Nepali mountaineer guide

Dawa Yangzum Sherpa, also known as Dawa Yangzum, is a Nepalese mountaineer and the first woman to become an international mountain guide from Nepal. In October 2024, she became the first Nepalese woman to summit all 14 eight-thousanders.

==Life==
Dawa Yangzum started her professional mountain climbing in 2009 with Yala Peak marking her first summit. She became one of the iconic Nepali mountain climbers in the history after climbing Mount Everest in 2012. In 2017, she received a certification from the International Federation of Mountain Guides Association and qualified to become an international mountain guide in the same year.
In March 2019, she signed a professional agreement with a US outdoor recreation product company, making her one of the few professional Nepali mountaineers to be paid as an athlete by a major western company.

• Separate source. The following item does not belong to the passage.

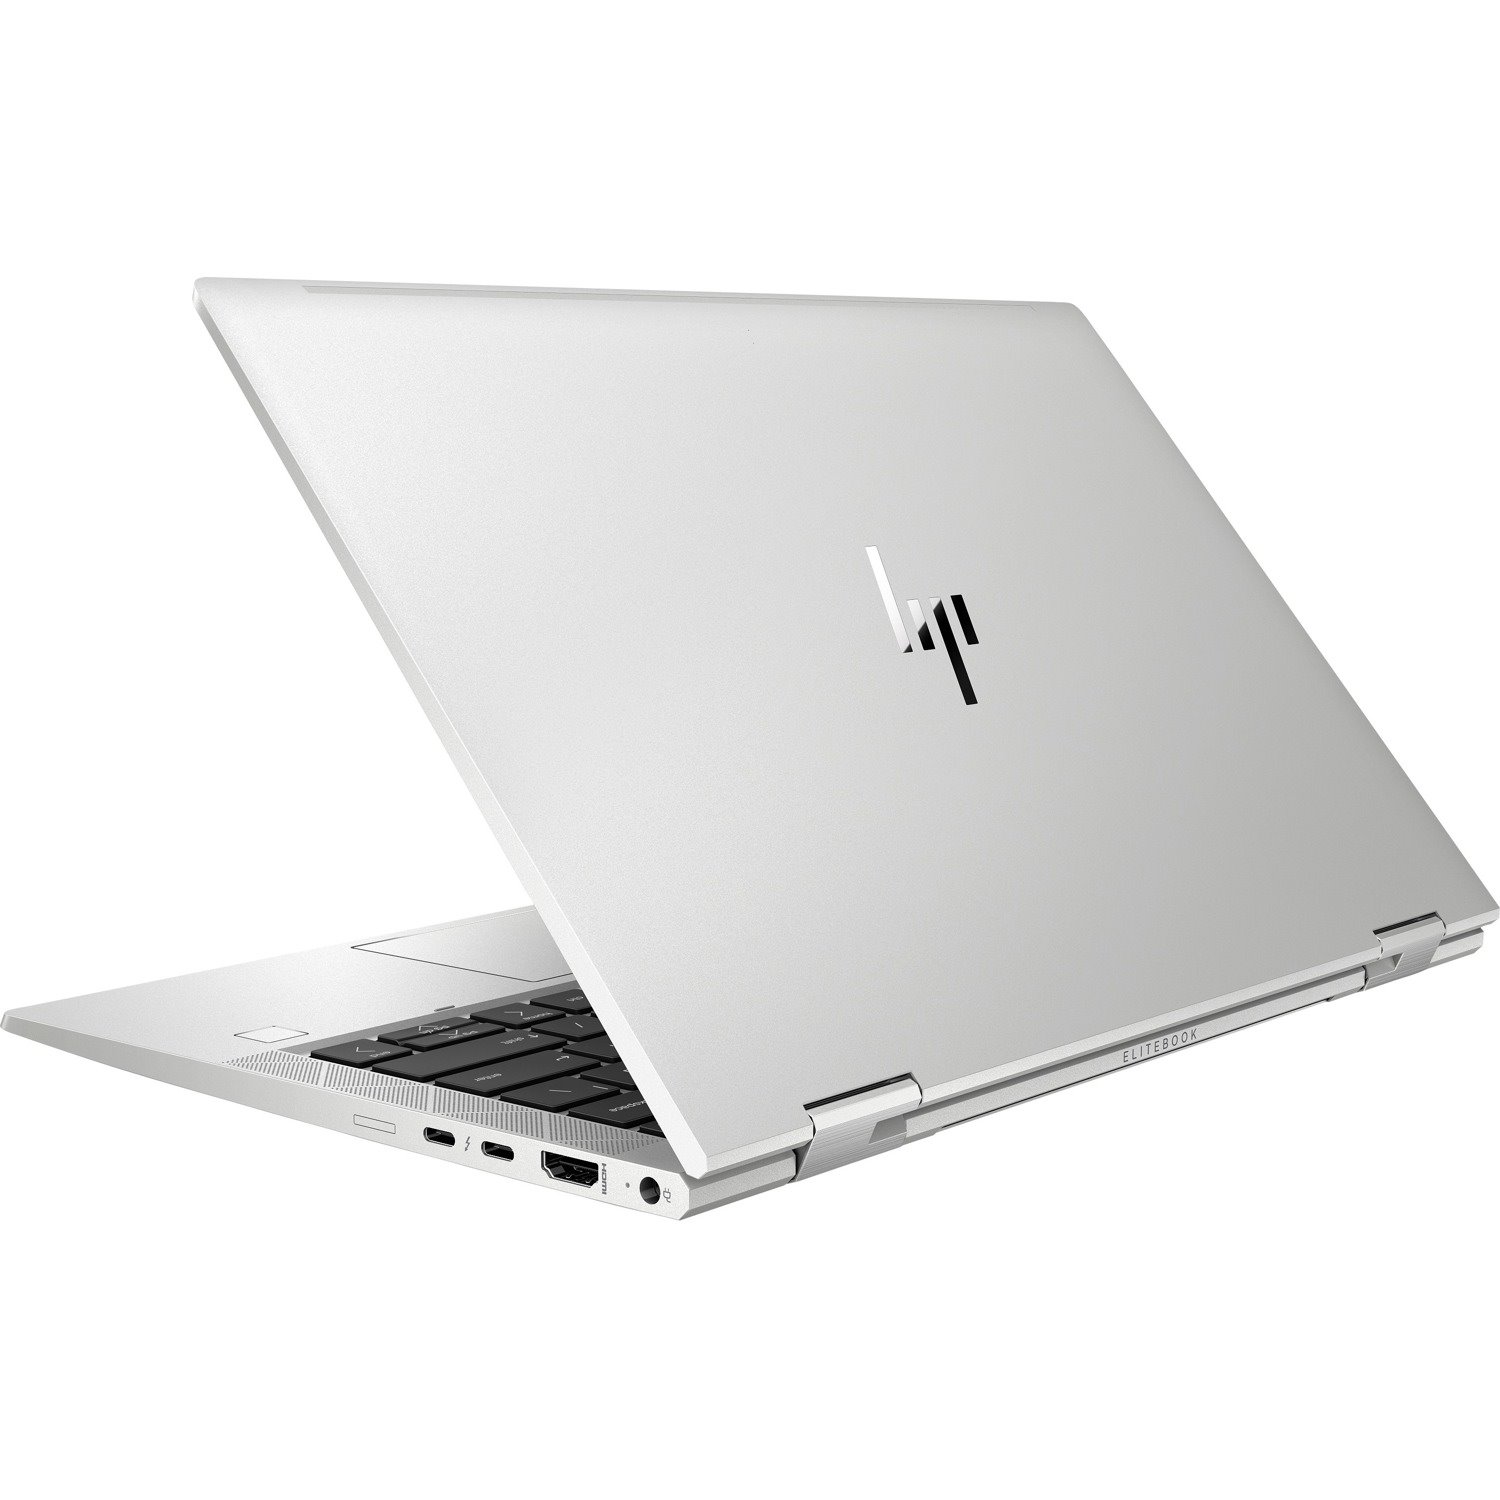 HP EliteBook x360 830 G7 13.3" Touchscreen Convertible 2 in 1 Notebook - Full HD - 1920 x 1080 - Intel Core i7 10th Gen i7-10610U Quad-core (4 Core) 1.80 GHz - 16 GB Total RAM - 256 GB SSD
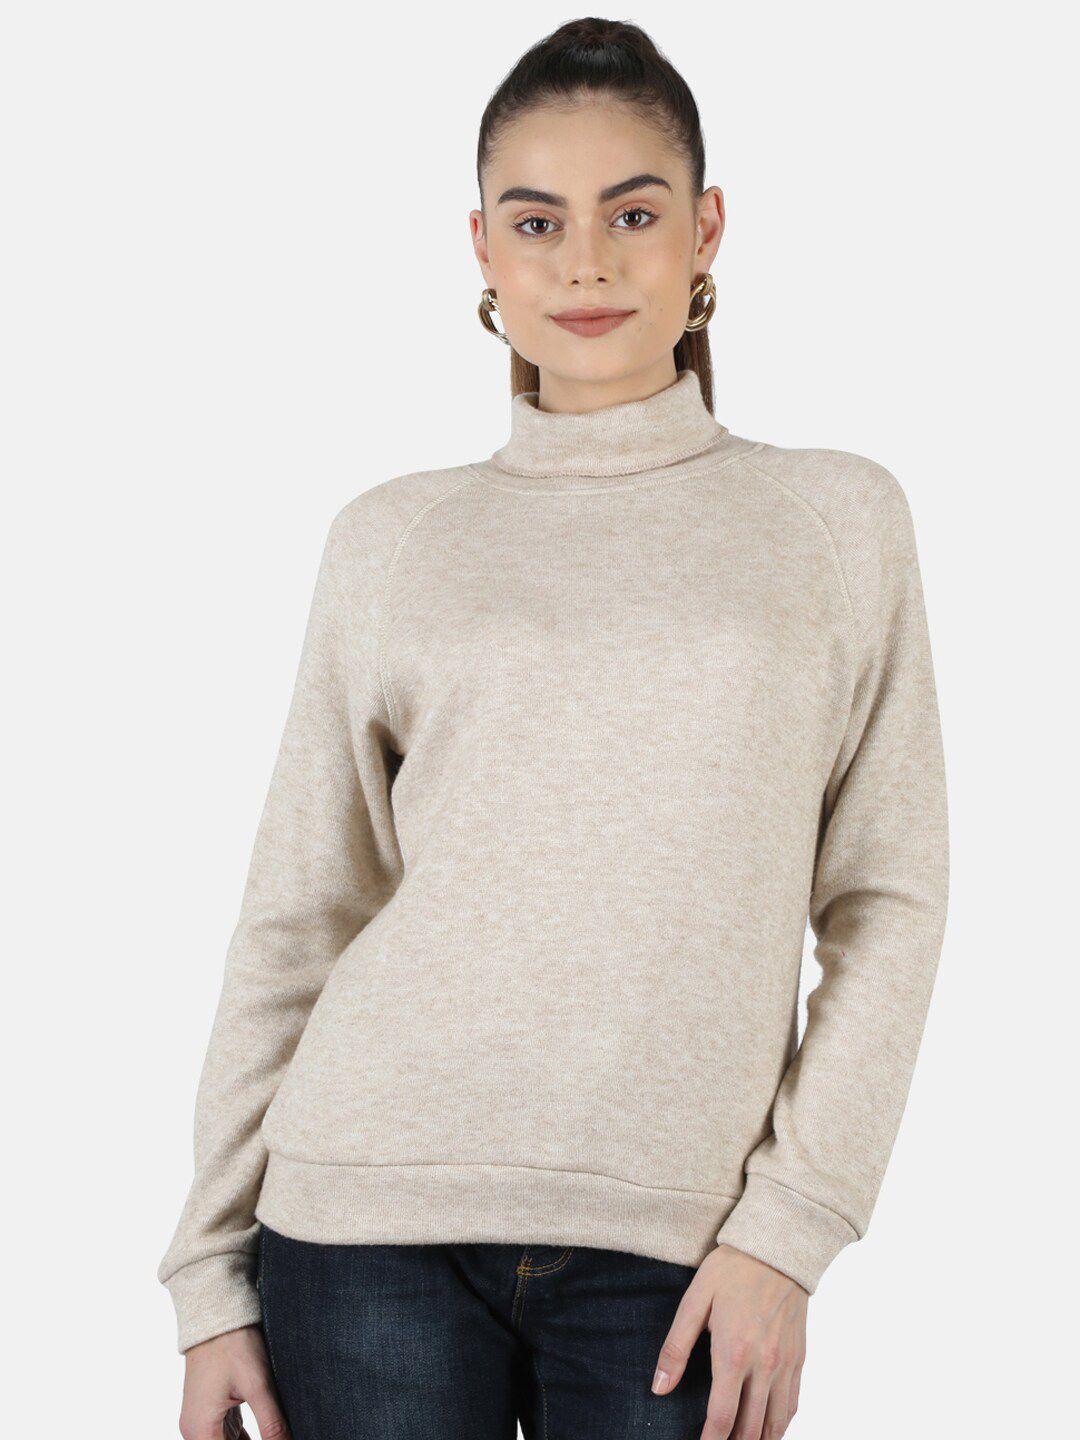 monte carlo women pullover wool sweater

Dawa Yangzum has climbed Everest several times and she became the first female Nepali woman to summit the fifth highest peak Makalu on 29 May 2019. On 26 July 2014, she was part of the all female 3-member Nepali contingent to summit K2. The other prominent members were Pasang Lhamu Sherpa Akita and Maya Sherpa. She also became the first woman to reach the true summit of Manaslu in autumn 2021.

On 9 October 2024, Sherpa summitted Shishapangma, her final eight-thousander. With this climb, she became the first Nepalese woman to summit all 14 of the eight-thousanders.